Antes de irse, Qi Hancai había mencionado al Equipo de Rescate de Corea.
—Sí, han llegado. Trajeron un ejército modernizado, parecían bastante impresionantes —dijo Qi Hancai.
—¿Qué dijeron?
Qi Hancai sacó un cuaderno de su bolsillo, lo abrió y dijo: —Hablaron de tres cosas: primero, querían que nos retiráramos de su país, citando un montón de cosas sobre territorio nacional, estatutos de las Naciones Unidas y tal… No lo entendí muy bien, así que simplemente me negué directamente.
—El segundo punto era que esperaban controlar los movimientos de los Esqueletos para evitar conflictos con ellos, con el objetivo de una relación pacífica, y discutir la devolución del territorio en un momento posterior.
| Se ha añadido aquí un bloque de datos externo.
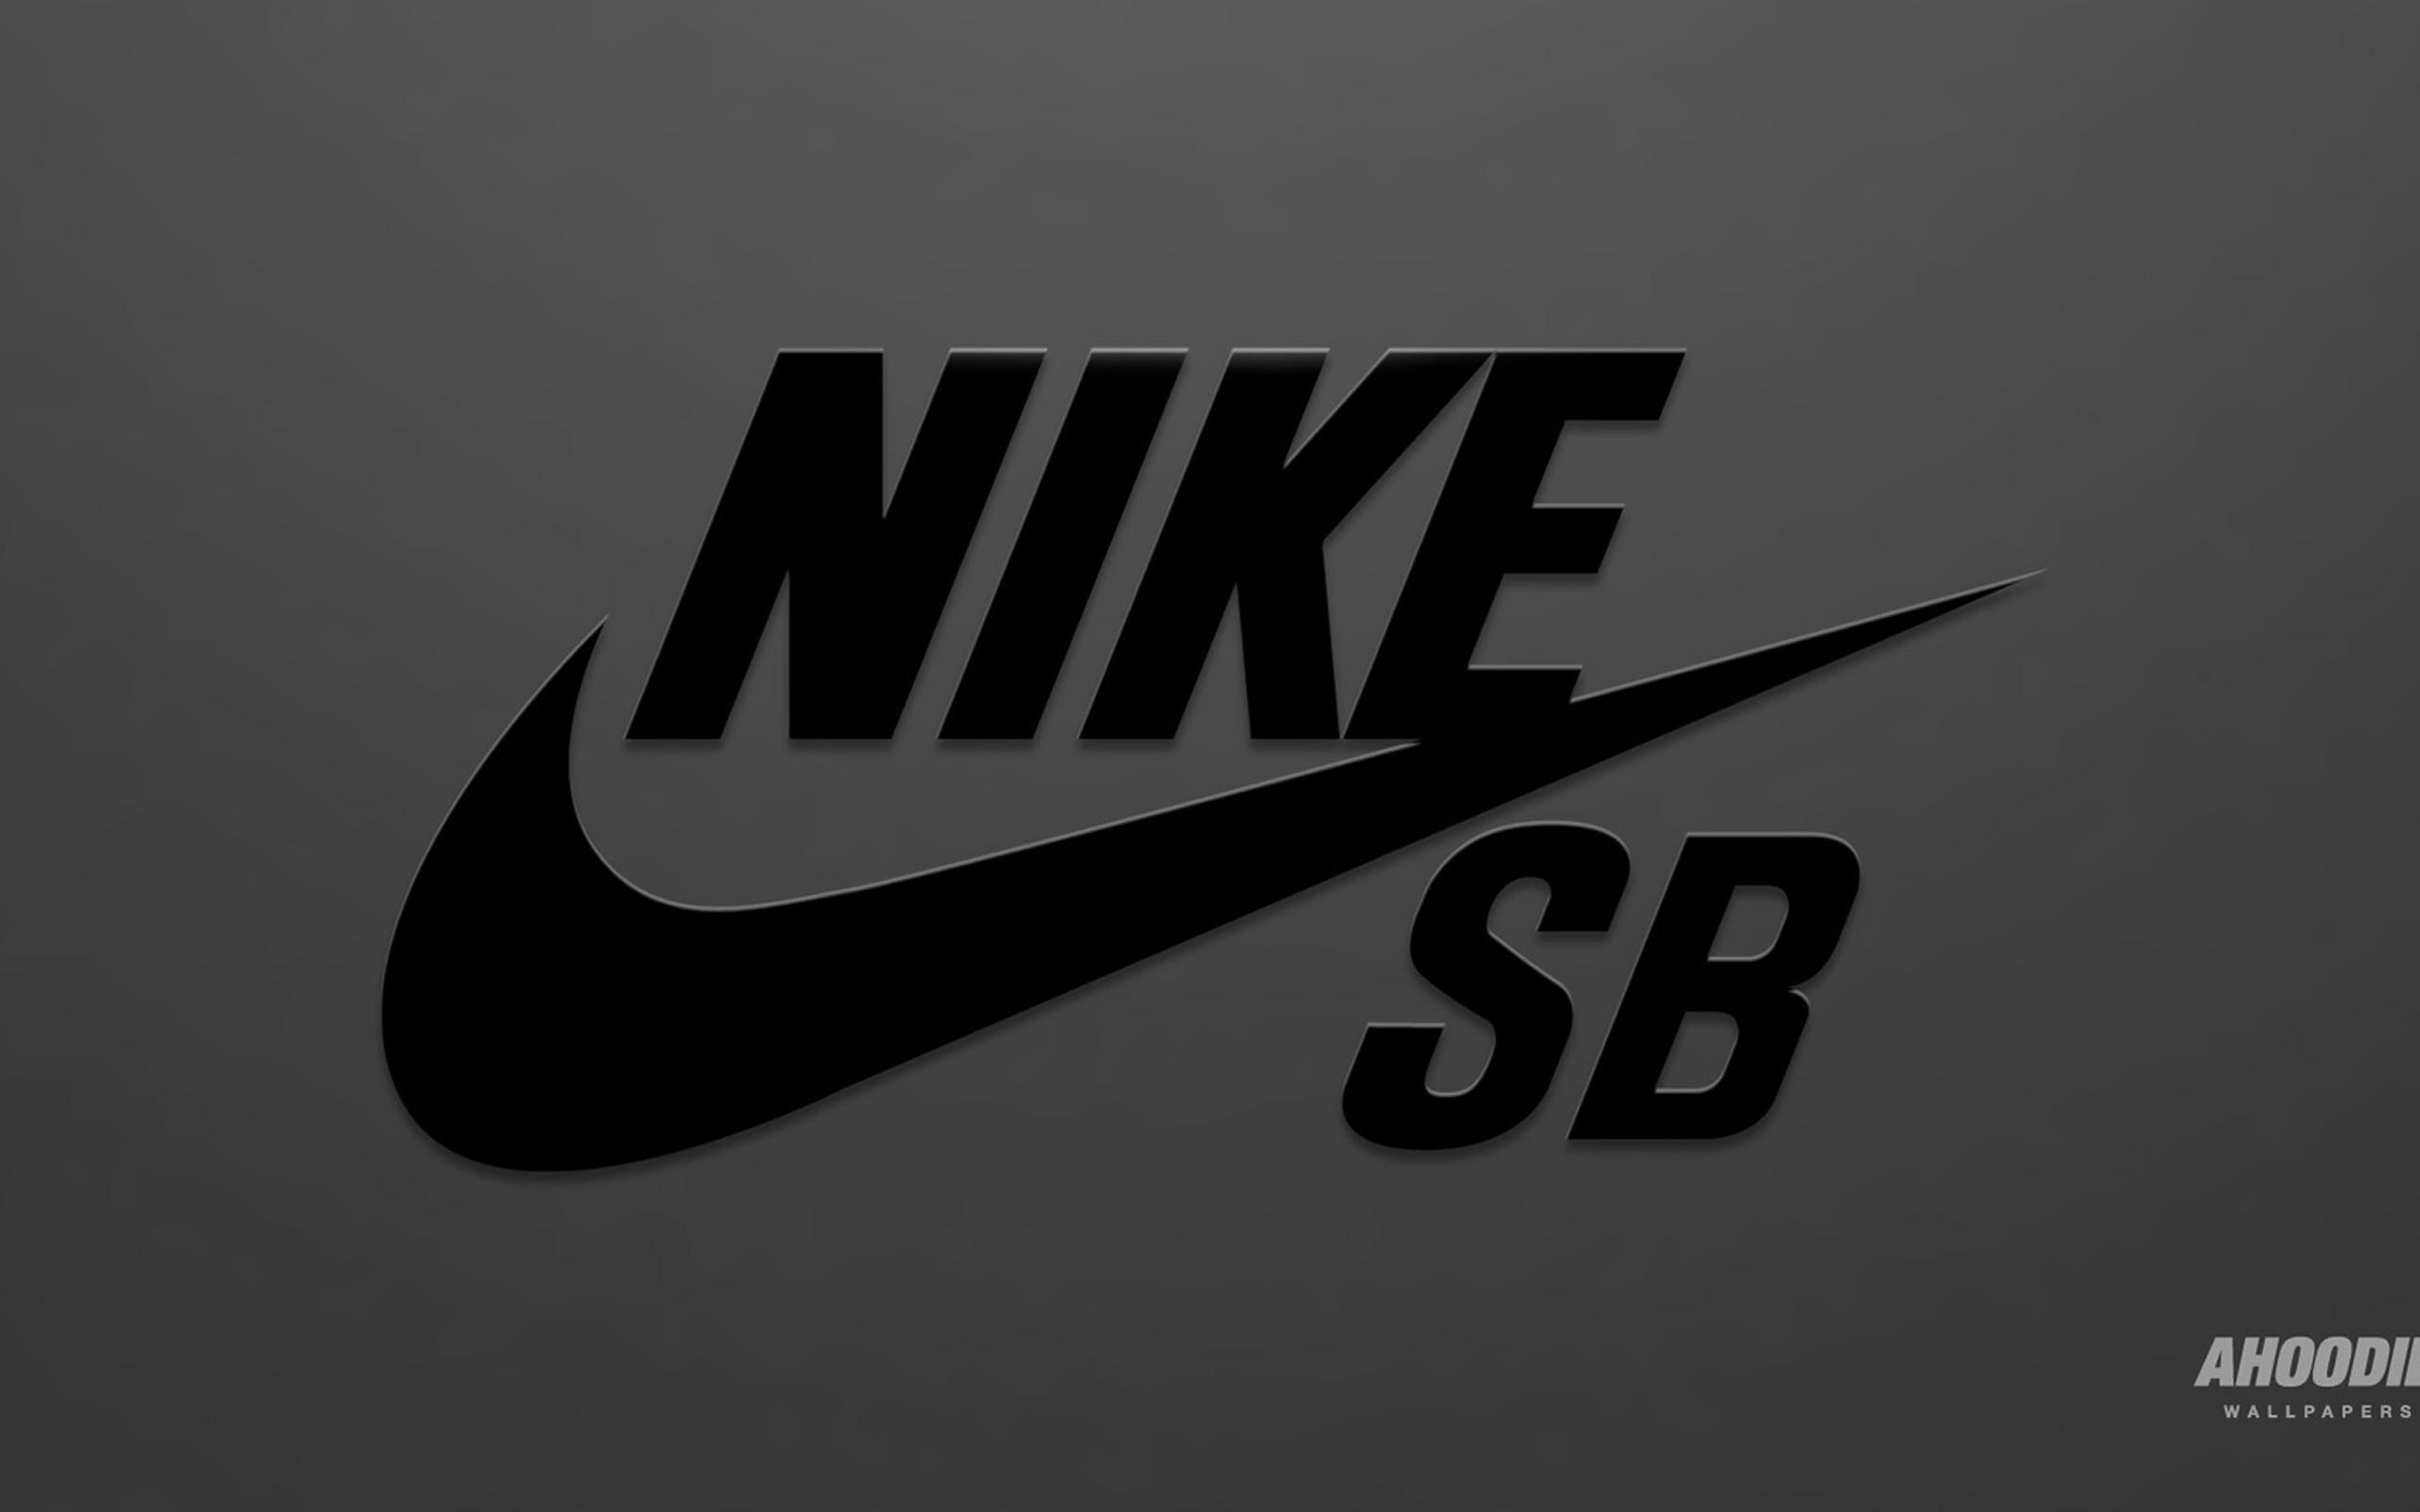 buy online 7d950 58fc4 2560x1600 Nike Sb Wallpapers HD X, jeep logo wallpaper iphone 5 -  JohnyWheels

—El tercero era sobre intercambiar comida; deben de haber oído sobre nuestros problemas internos y propusieron directamente cambiar armas por comida, lo que también rechacé ya que no nos queda mucha comida.
—Y el último punto, compartir satélites… Planean alquilarnos los derechos de uso de sus satélites, lo que podría proporcionar comunicación, posicionamiento y algunas imágenes de observación.
Al oír el último punto, las cejas de Wu Heng se fruncieron al instante.
—¿Satélites? ¿Esas cosas todavía pueden funcionar?
—Parece que todavía pueden funcionar y ser de alguna utilidad —dijo Qi Hancai.
Eso fue bastante inesperado.
Los satélites seguían operativos y parecían estar disponibles para que otros los usaran.
Wu Heng continuó preguntando: —¿Cuáles son las condiciones del alquiler?
—Van a volver para discutirlo y se pondrán en contacto con nosotros por radio —dijo Qi Hancai mientras cerraba su cuaderno.
—Primero pregunta cómo funciona el alquiler y luego vemos si esto puede sernos útil.
—¡De acuerdo! —asintió Qi Hancai, y luego añadió—: Nosotros también hemos hecho algunos progresos por nuestra parte.
Wu Heng sirvió dos vasos de agua, colocando uno frente a Qi Hancai. —¿Qué progresos?
—Gao Rong ha comenzado la producción de prueba de la cadena de producción de municiones, no pasará mucho tiempo antes de que el producto final esté listo.
—Mmm, esas son buenas noticias —asintió Wu Heng.
La eficiencia por parte de Gao Rong era alta.
Primero la cadena de producción de rifles y ahora la de munición; la velocidad era sorprendentemente rápida.
Qi Hancai sonrió y continuó: —Además, la hermana de Yahong mencionó hacerse cargo de la planta farmacéutica. Quiere enviar a unos cuantos Esqueletos de Alquimia allí para ver si los elixires se pueden producir en forma de píldoras o cápsulas.